### [EXERCISE PROMPT]
Return all of the data exactly, with nothing left out but the pictures.
RECORDED DATA below:
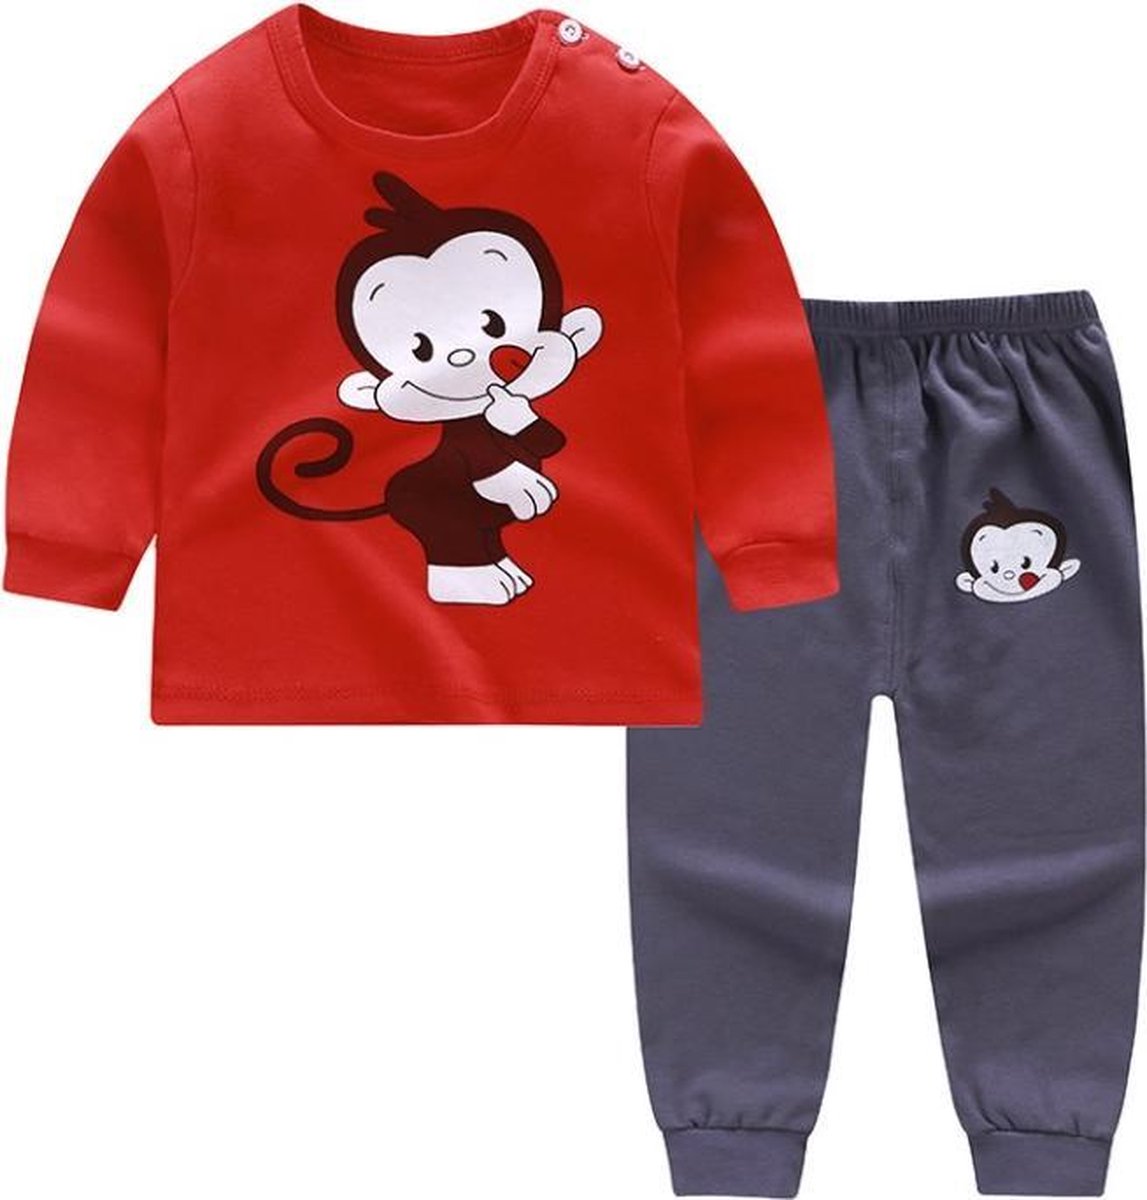 Kinder Pyjama Set-Kinderen-Baby-Jongen/100% katoen/3-4 jaar-maat 100-110
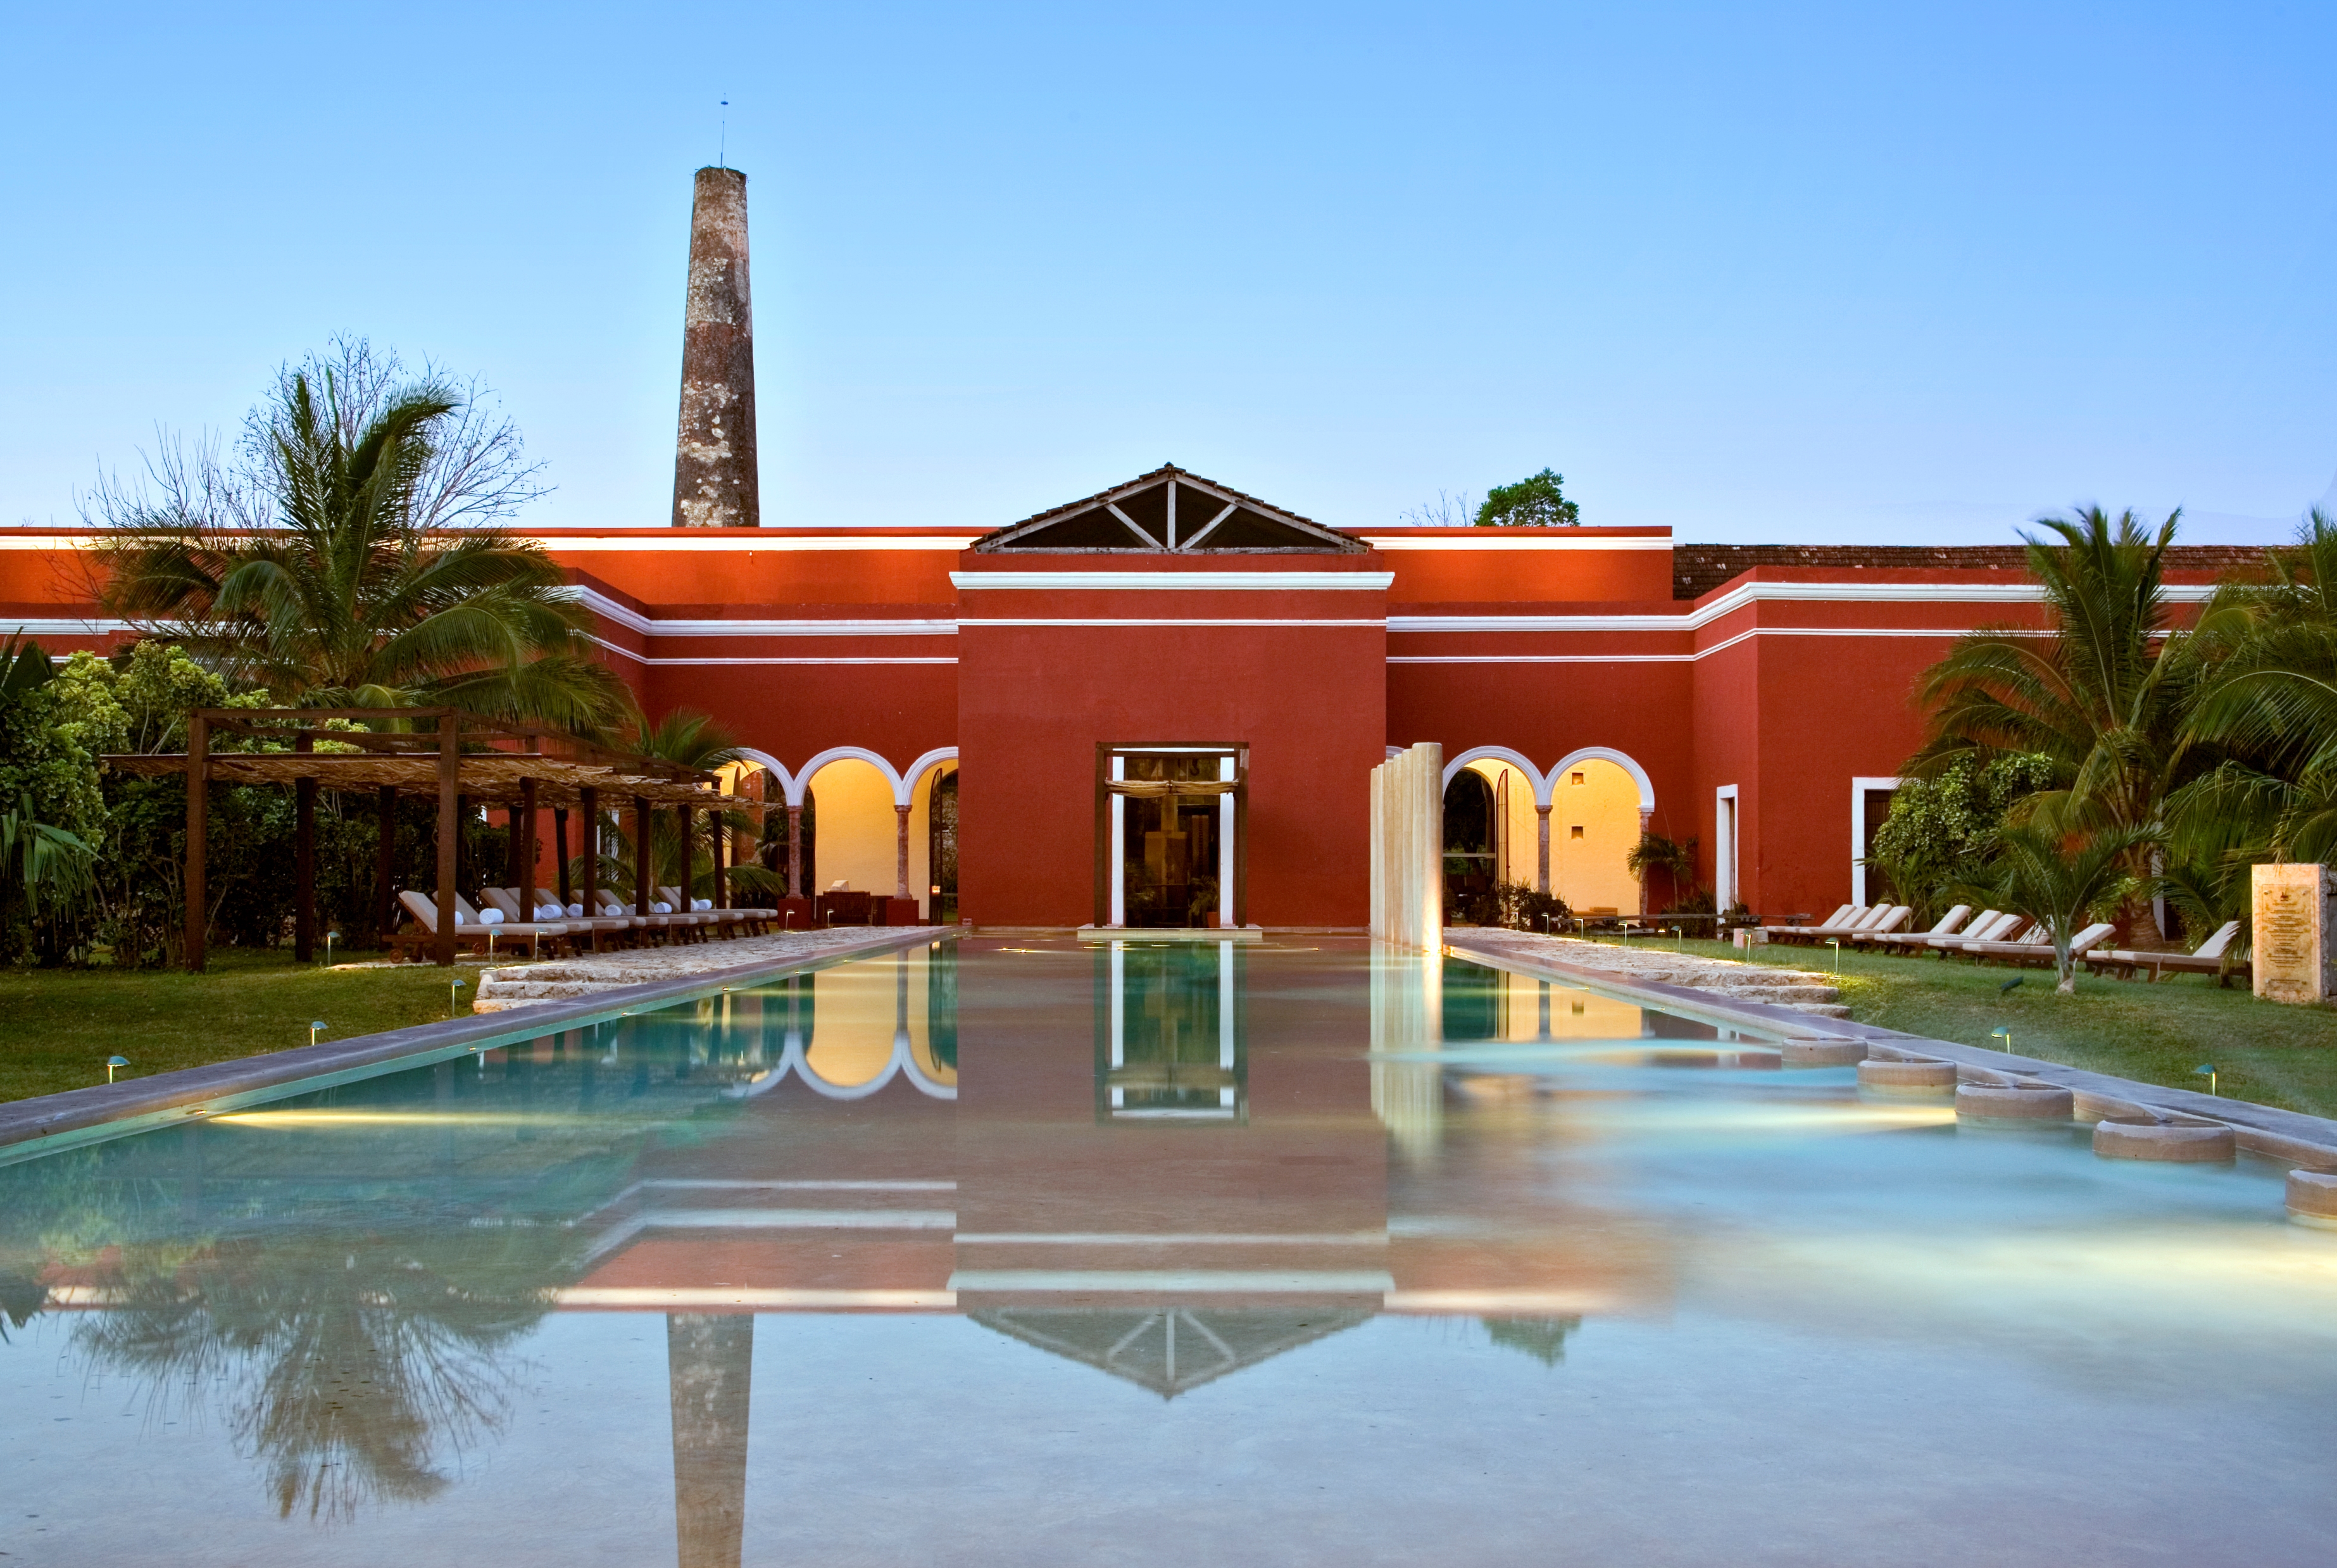 Mexiko, Hacienda Temozon, Pool, Latin America Tours, Reisen
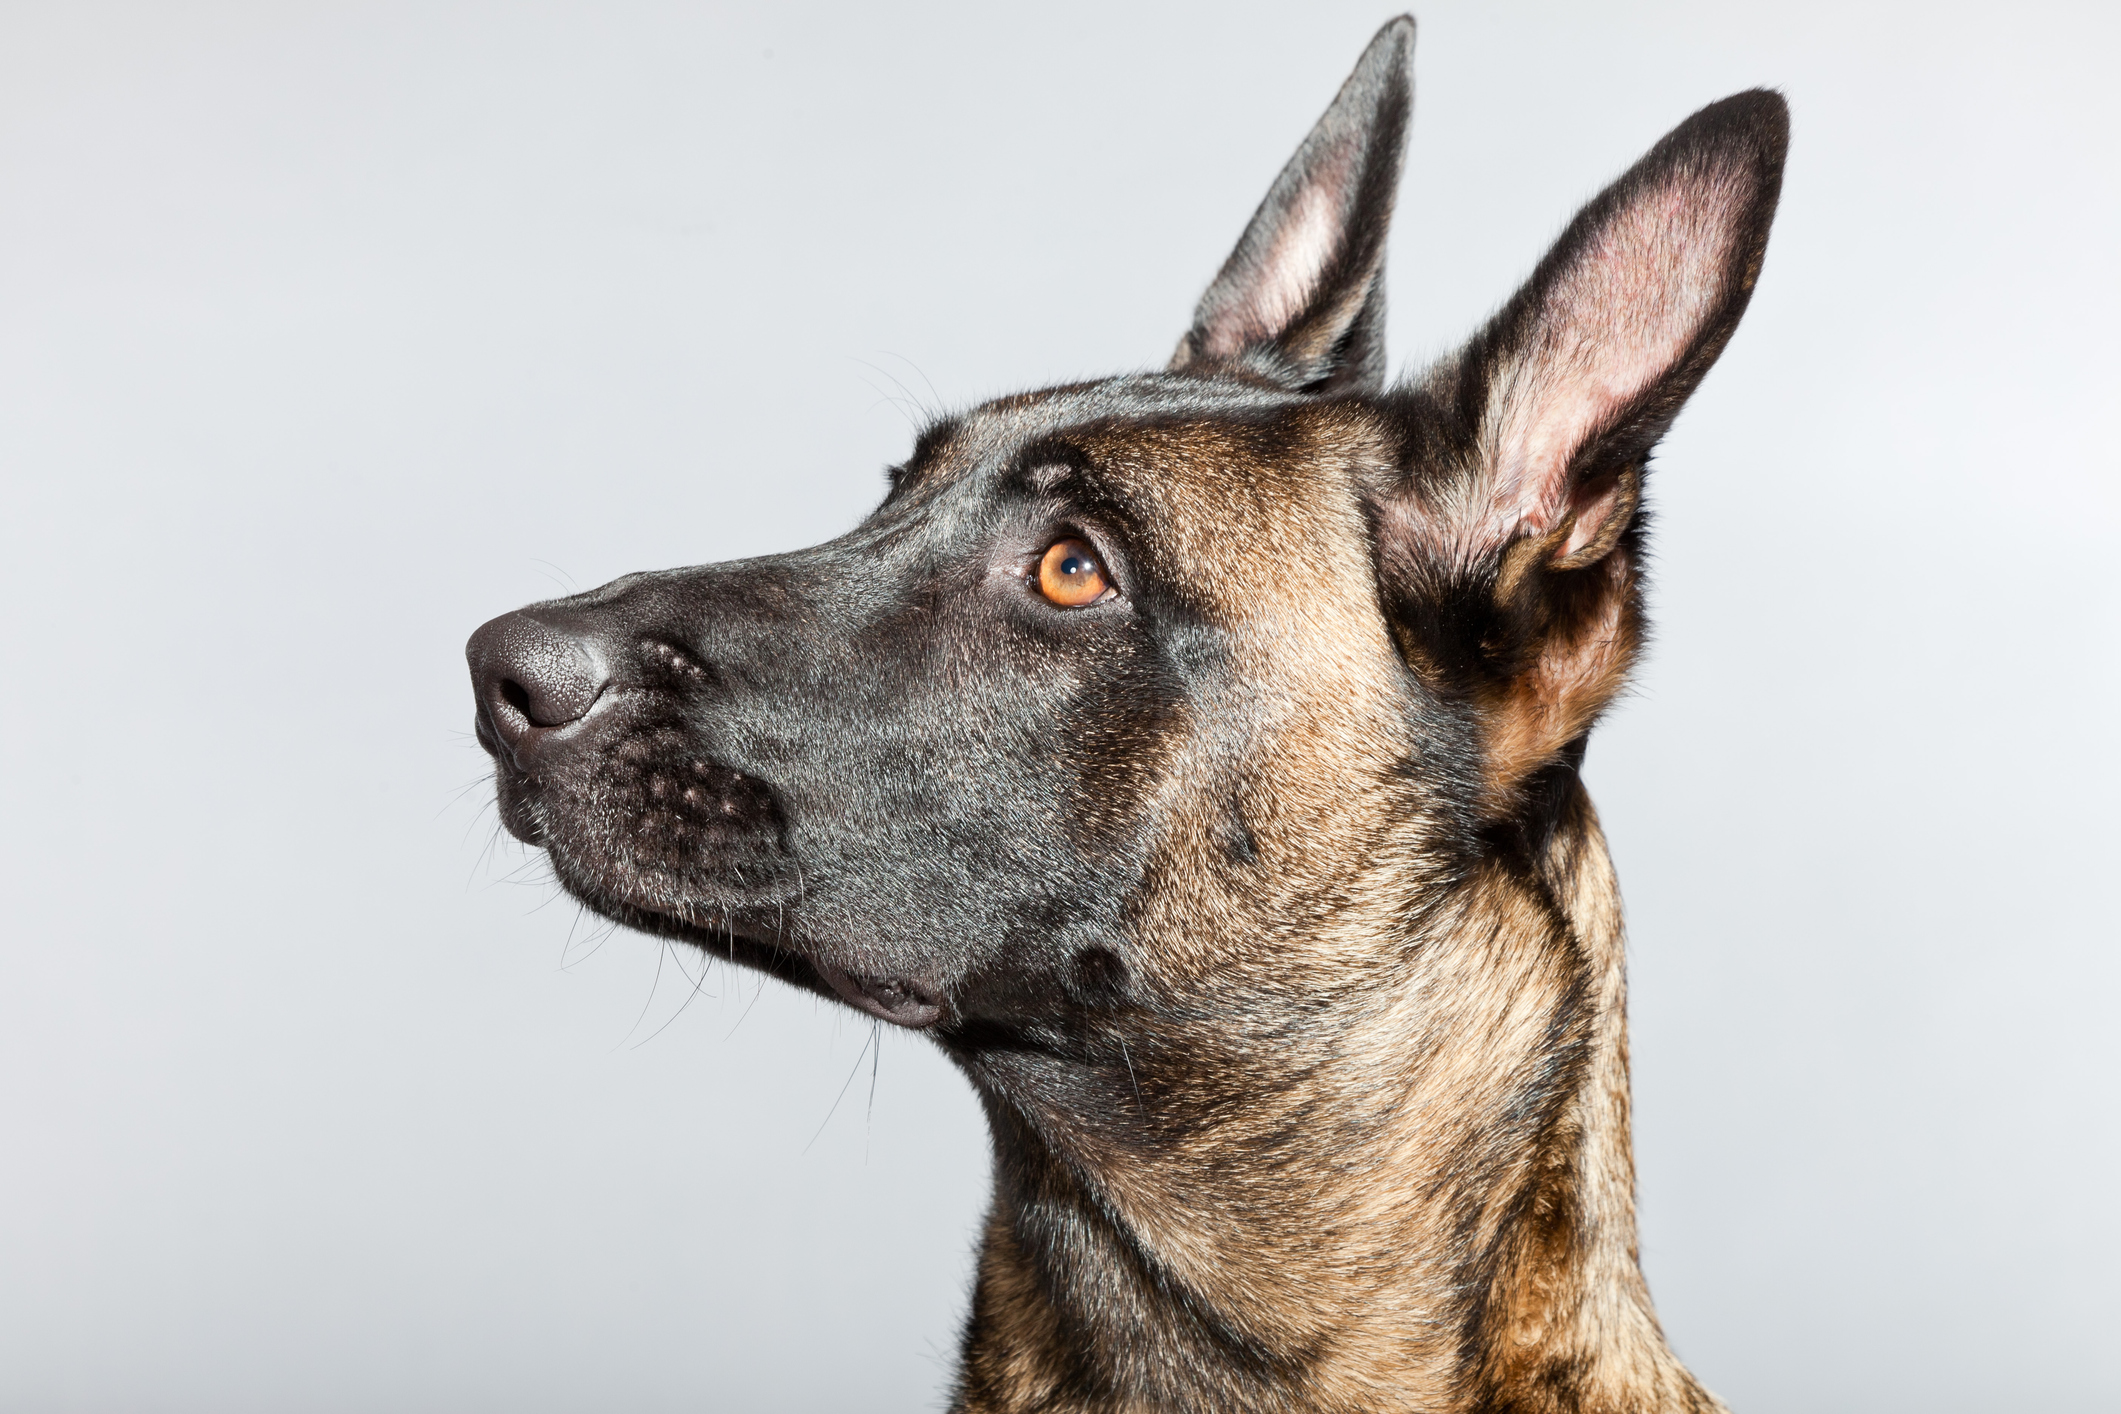 are bones safe for belgian shepherd puppies
End of RECORDED DATA.
### [SOLUTION FOR THIS EXERCISE]
 Kinder Pyjama Set-Kinderen-Baby-Jongen/100% katoen/3-4 jaar-maat 100-110
 Mexiko, Hacienda Temozon, Pool, Latin America Tours, Reisen
 are bones safe for belgian shepherd puppies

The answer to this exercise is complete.